Preparing data sources is the biggest challenge for Numerai Signals as it is extremely time-consuming. In view of this, I want to start a community project to share and document open-source datasets for Numerai Signals.
The current goal is to maintain high-quality training and validation datasets for Numerai Signals and provide benchmark performance on these datasets. This benchmark can be used to decide whether a new data source or features can improve model performance.
I have created a historical stock metadata mapping of US stocks in the Numerai universe, covering the time period from 2003 to 2020. The stock metadata is mapped with academic research quality databases so that it does not have survivor bias. I also created a very simple dataset of normalised price and financials features using data sources from CRSP, Compustat and OptionMetrics, obtained through WRDS.
As I am using data from academic research (which is not available in real-time), the dataset cannot be used to submit the live predictions for Numerai Signals.
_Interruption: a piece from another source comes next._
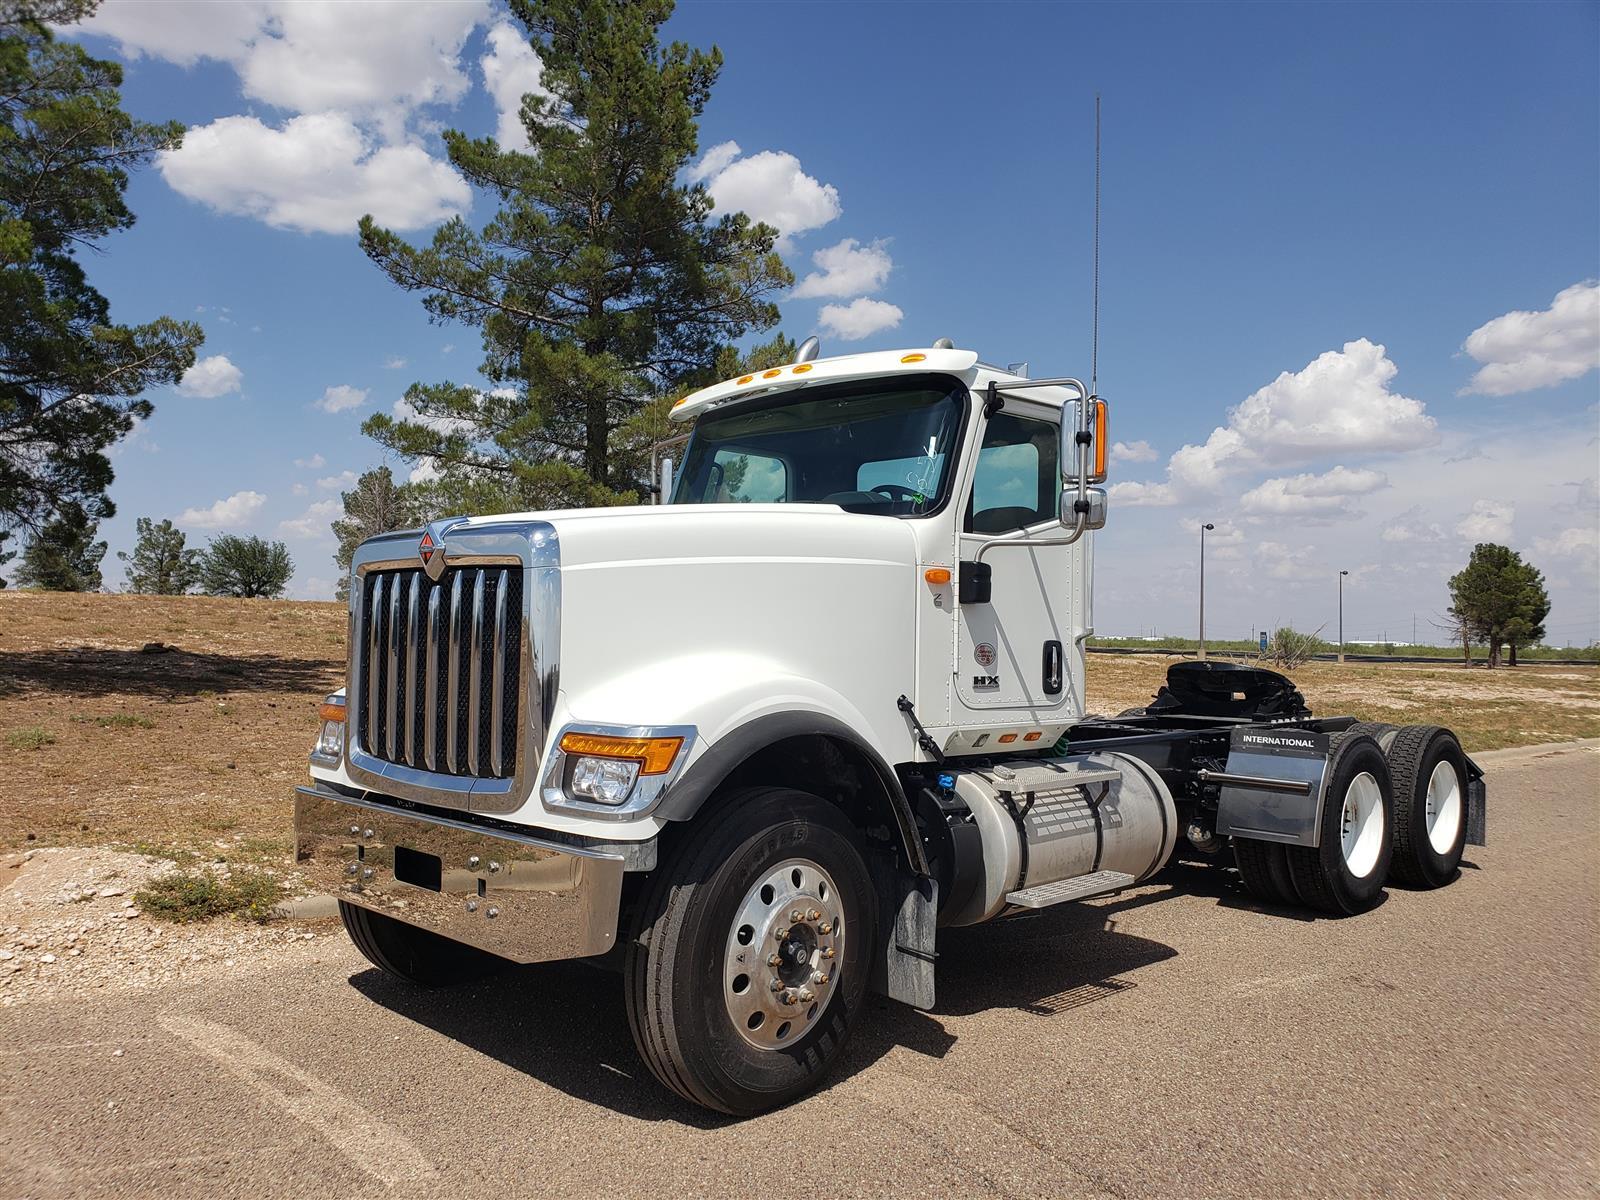 2019 International HX 6x4, Tractor #KN363152 - photo 1
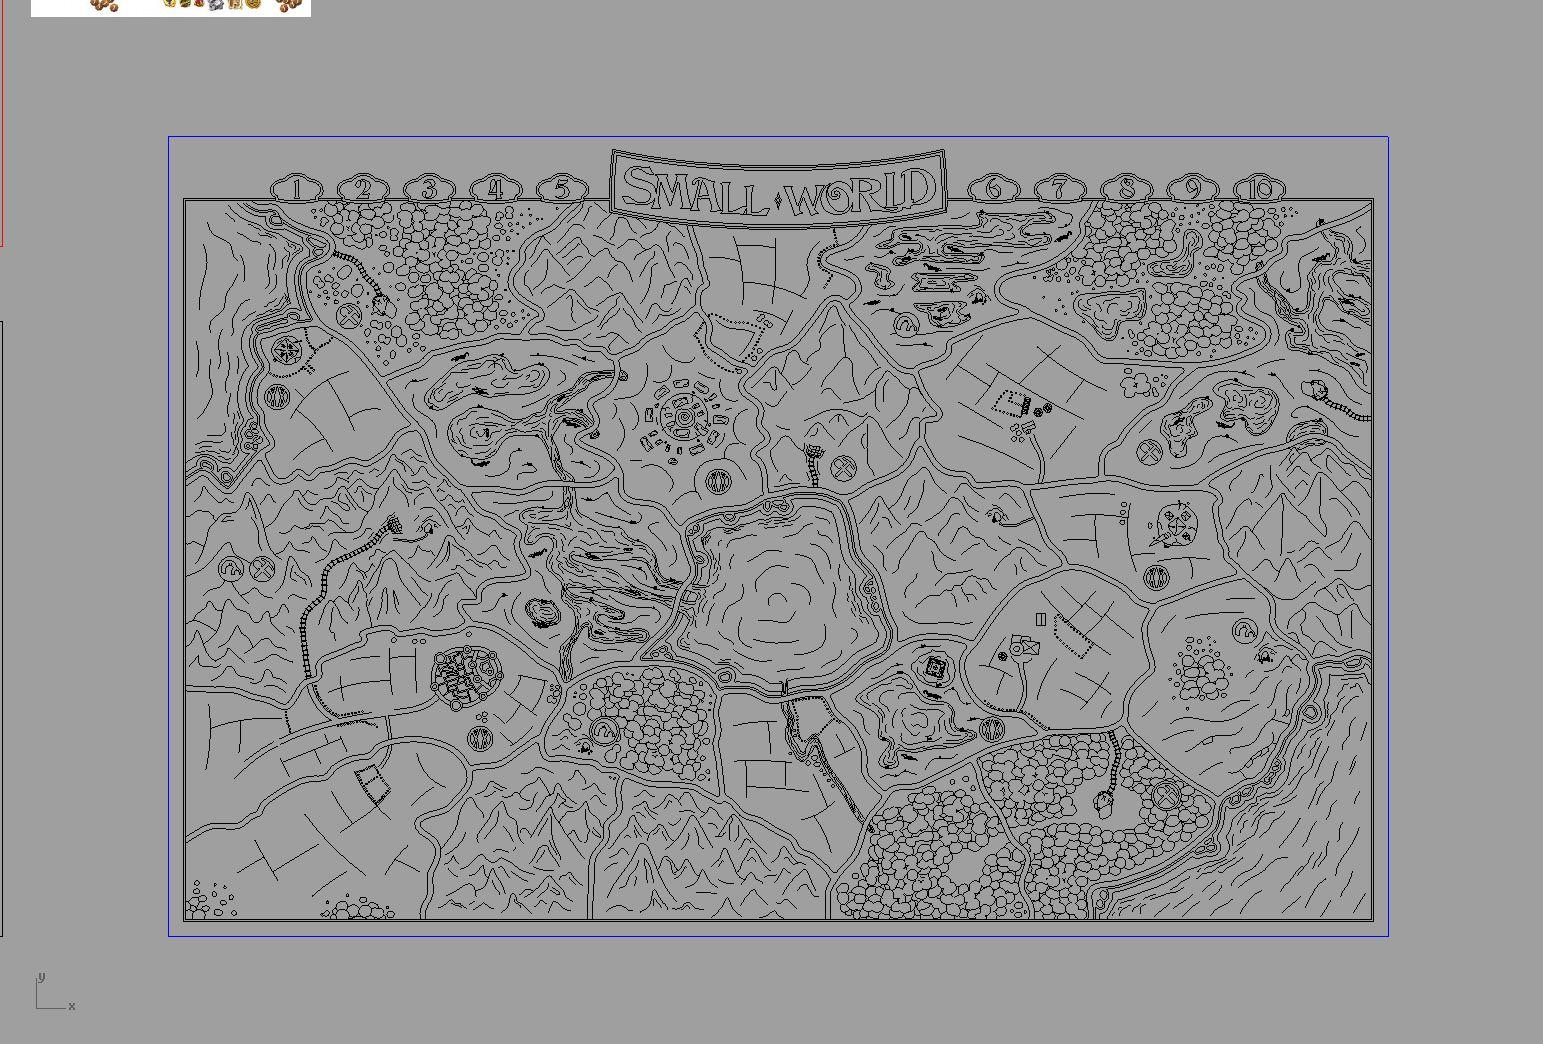 Small World Game Board - CAD

It can be integrated into the opensignals repo once I finish the draft of my paper on this dataset.
oh yes, it cannot be used in live predictions. But it is still a very good resource for ppl who can test their ideas on the dataset, if it turns out good then ppl can buy similar data from data companies.
I am not sure if numeral can help to expand/improve this type of free historical data to lower the entry barrier.
The purpose of this dataset and benchmark is to encourage the community to maintain open-source/low-cost data feeds by sharing the time and costs of preparing data feeds.
While most data license terms do not allow sharing of the raw data itself, it is usually allowed to share processed data as in Open Source Asset Pricing.
The Numerai features are created in a conceptually similar process with better data sources and different factors to neutralise features and targets against, such as sector and country. The big difference is that the data generation process will be open-source for my dataset.